Monday, May 12, 2008

The Slip - Nine Inch Nails

The Slip

Nine Inch Nails

SCQ Rating: 58%

The first time I honestly asked myself if I could enjoy a Nine Inch Nails record was two months ago, when a friend let a wide array of recent NIN tracks blare from her stereo speakers. Largely representing With Teeth and Year Zero, the songs I heard were more electronic than hard rock, more melancholy than angry. And while she admitted that she had cherry-picked her favourites from the harsher material, it was the first time I actually thought about Nine Inch Nails since 1995. Ghosts I-IV was unveiled a week later and displayed an agreeable Eno/Reznor hybrid I nearly bought several times. No rest for the wicked, it seems, as Reznor has released yet another new album (his fourth release in a year’s time); this one entirely free and available now from his website. Now seemed like the best time to test-drive the NIN sound and perhaps The Slip is the right place to start.

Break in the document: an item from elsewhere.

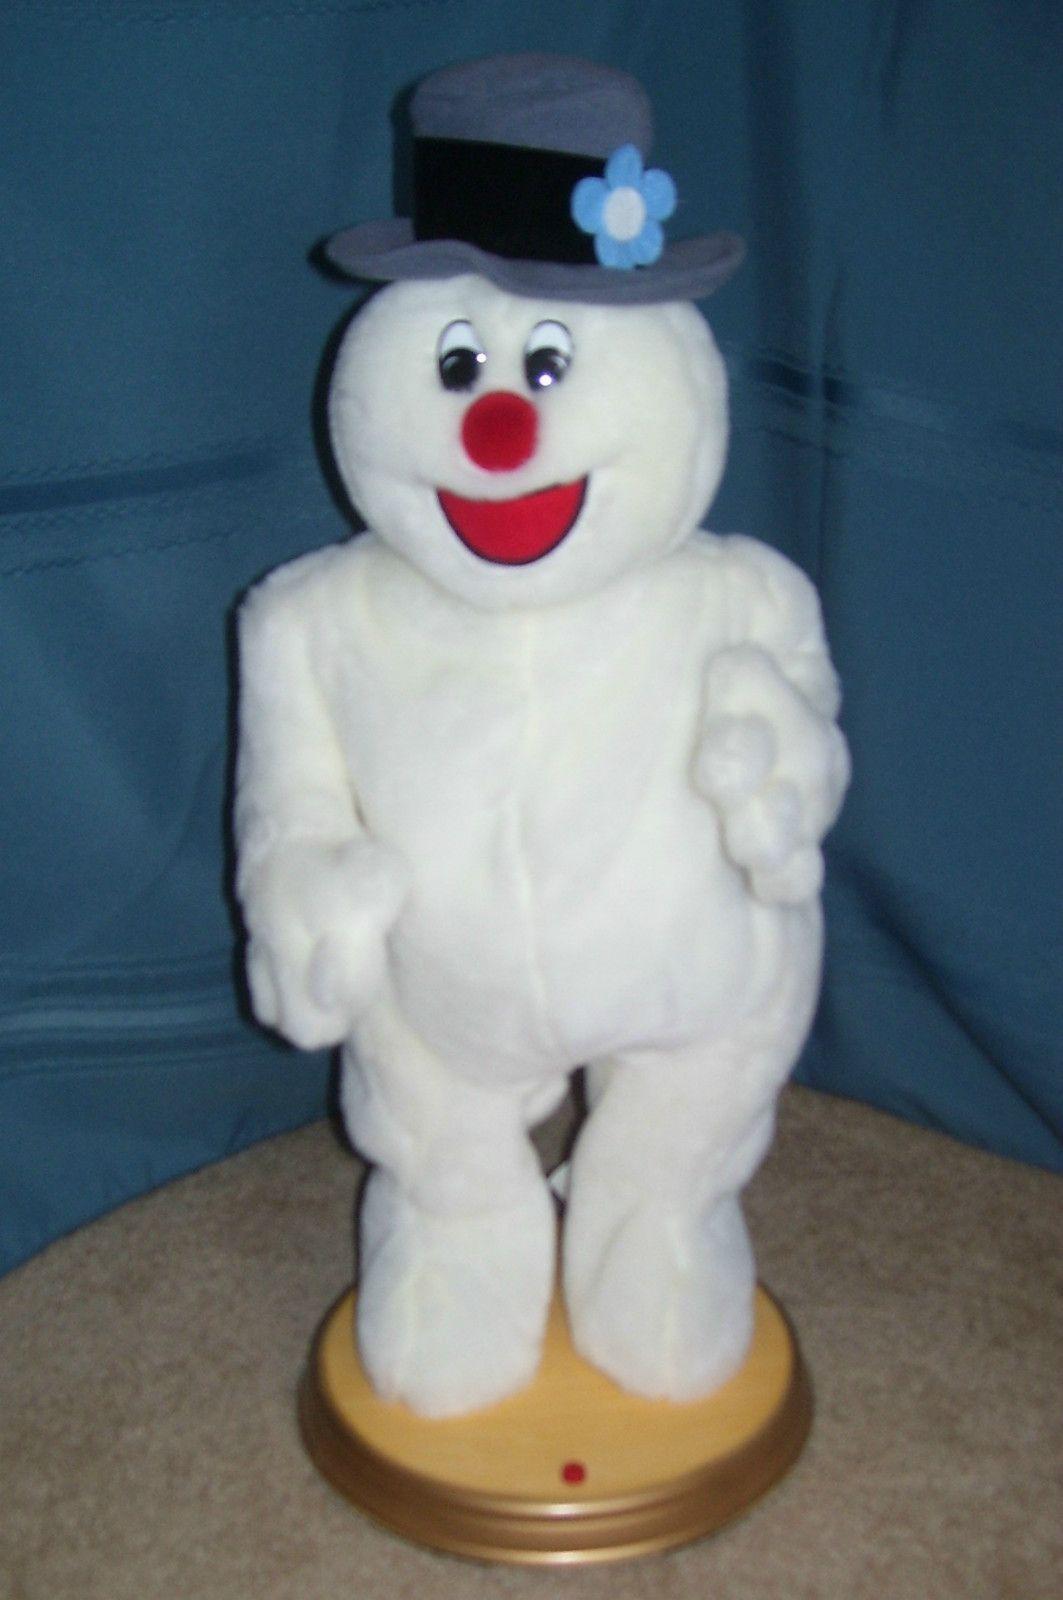 Camber reccomend Swinging singing snowman

With the first track’s minute and a half of computer buzzes barely touching our eardrums, The Slip shakes that early impression that this CD could be exactly what you paid for by breaking the door down on ‘1000000’, a live drum hammering against treated guitar chords while Reznor sneers “I don’t feel anything at all.” With his vocals tossed back and forth in the mix, calling out and answering back, the adrenaline level peaks early in a brainless but accessible blast of energy that prepares us for the next few tracks of teenage torment. Lead single ‘Discipline’ is particularly worth noting for its ability to please fans of alternative rock and club culture; its mix of aggressive guitar and dance beats makes this track perhaps their most important means of approaching a new fanbase this summer.

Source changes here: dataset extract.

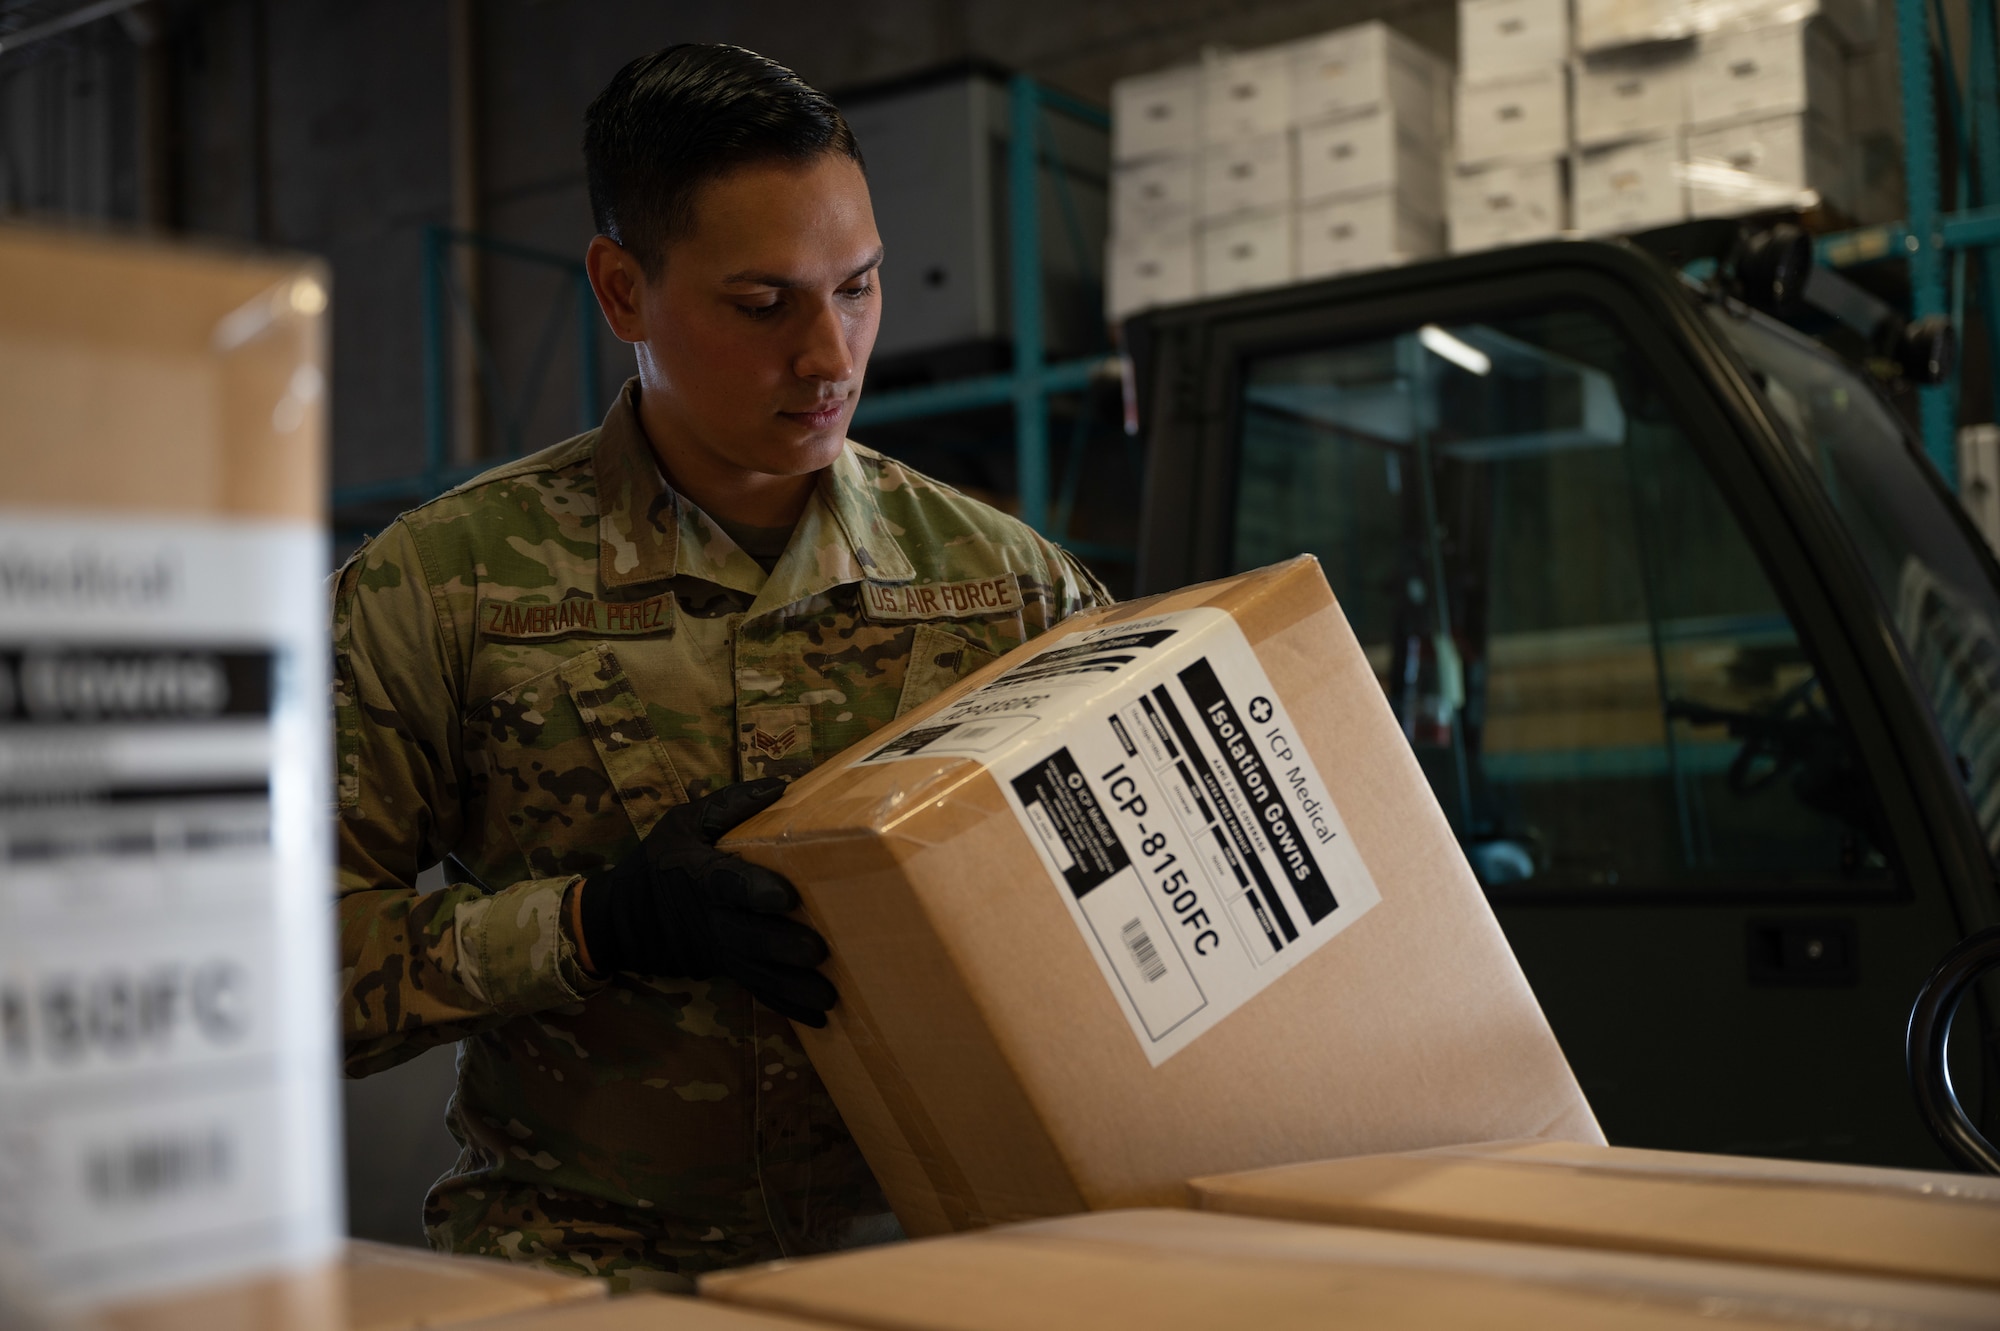 An Airman inspects a package

Much of this album feels unusually sedate compared to earlier releases; the crunch of their aggressive side is sporadically spread around ambient mood-pieces and laid back electro-rock grooves. ‘Echoplex’ is the best example of the latter, featuring a stuttered drum machine paced to a repetitive guitar rev that supplies the groundwork to The Slip’s atmospheric centerpiece. The ominous soundtrack of ‘Corona Radiata’ moves from sterile to industrial over its seven minutes, but is expertly placed as an addendum to the funereal piano of ‘Lights in the Sky’.

As both a marketing tool for his upcoming tour as well as rallying some new, frugal fans, The Slip is satisfying on a number of levels. Due to its no-strings, give-away release method, this feels spontaneous and unburdened by expectation. It’s neither contractually obligated to please anyone nor aiming to articulate a grand statement. Most importantly, The Slip is an easy album to listen to and enjoy; something that many NIN-deniers likely thought impossible. If SCQ is any indication, The Slip will successfully find that new audience.